Fast forward ten years and I have two children of my own. I reflect on their personalities and wonder which role have they been cast?
My son was like a duck to water at school, learning all his sight words quickly and zooming up the reading scheme ladder. I smugly relished in his successes thinking I must have done something right, it was obviously the enriching experiences I gave him in his pre-school years.
One year on, my daughter commenced school and having the same ‘pre-school’ experiences (they are only eighteen months apart) I immediately expected the same promising results.
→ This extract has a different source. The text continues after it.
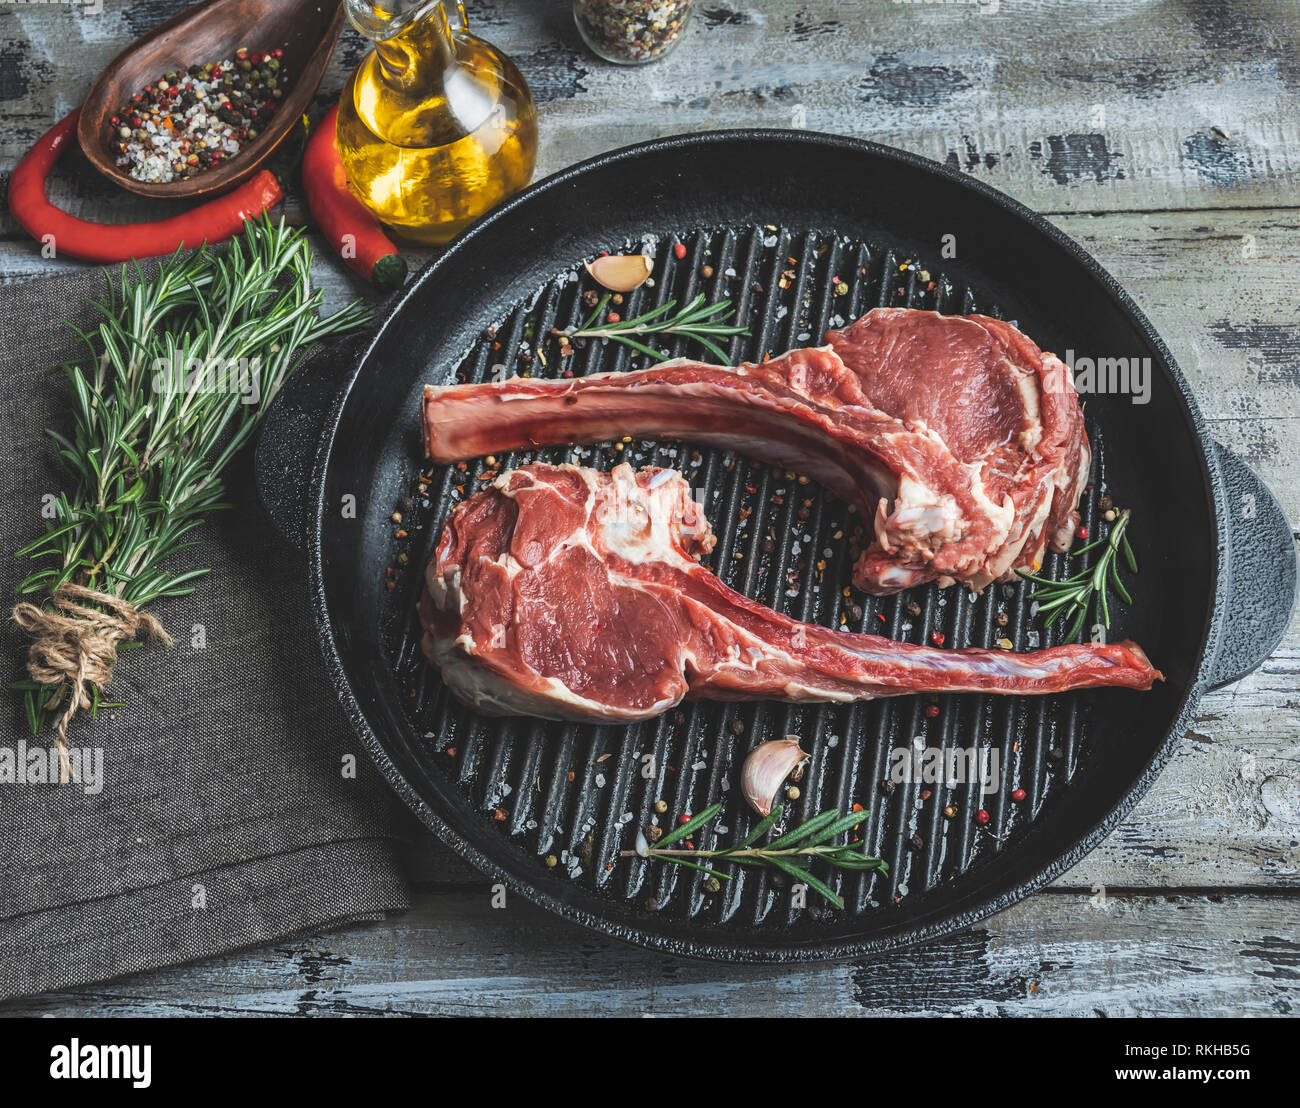 Raw meat lamb veal ribs loin on the grill pan, spices , chops ready for cooking Stock Photo

I remember the words from her teacher at the first term interview, “she is not at the same level as her brother was”. WHAT!?! The smugness disappeared!
When I reflected on this and admitted some truths to myself I realised I had also created roles for my children, like I had all those years ago as a teacher. Master 6 had become ‘The smart one’ by default because I directed all my educational spiels to him… “Look at that digger – what do you think they’re building? “How many cows are in that field?” “Why do you think we have traffic lights?” Meanwhile, Madam 5 was taking the easy road, avoiding all the hard stuff because I assumed it wouldn’t interest her or she wouldn’t understand. She was my ‘pretty’ one and ‘Daddy’s beautiful girl’ instead.
Whoops. I did this without realising.
The problem with casting roles? This can become a child’s belief and view of themselves. It can enable a behaviour such as ‘the clown’ or inhibit the achievements of ‘the pretty one’. It can put pressure on ‘the smart one’ or ‘the good one’. It can condone the behaviour of ‘the naughty one’ or ‘the bully’.
Children need to cast, produce and perform their own roles in the play of life. We can enable this via a few easy steps, but the easiest and most important one is to stop telling kids what they are and start letting them discover what they want to be.
Oh, and for the purpose of this story the report card of child number two was commendable. Smugness has returned.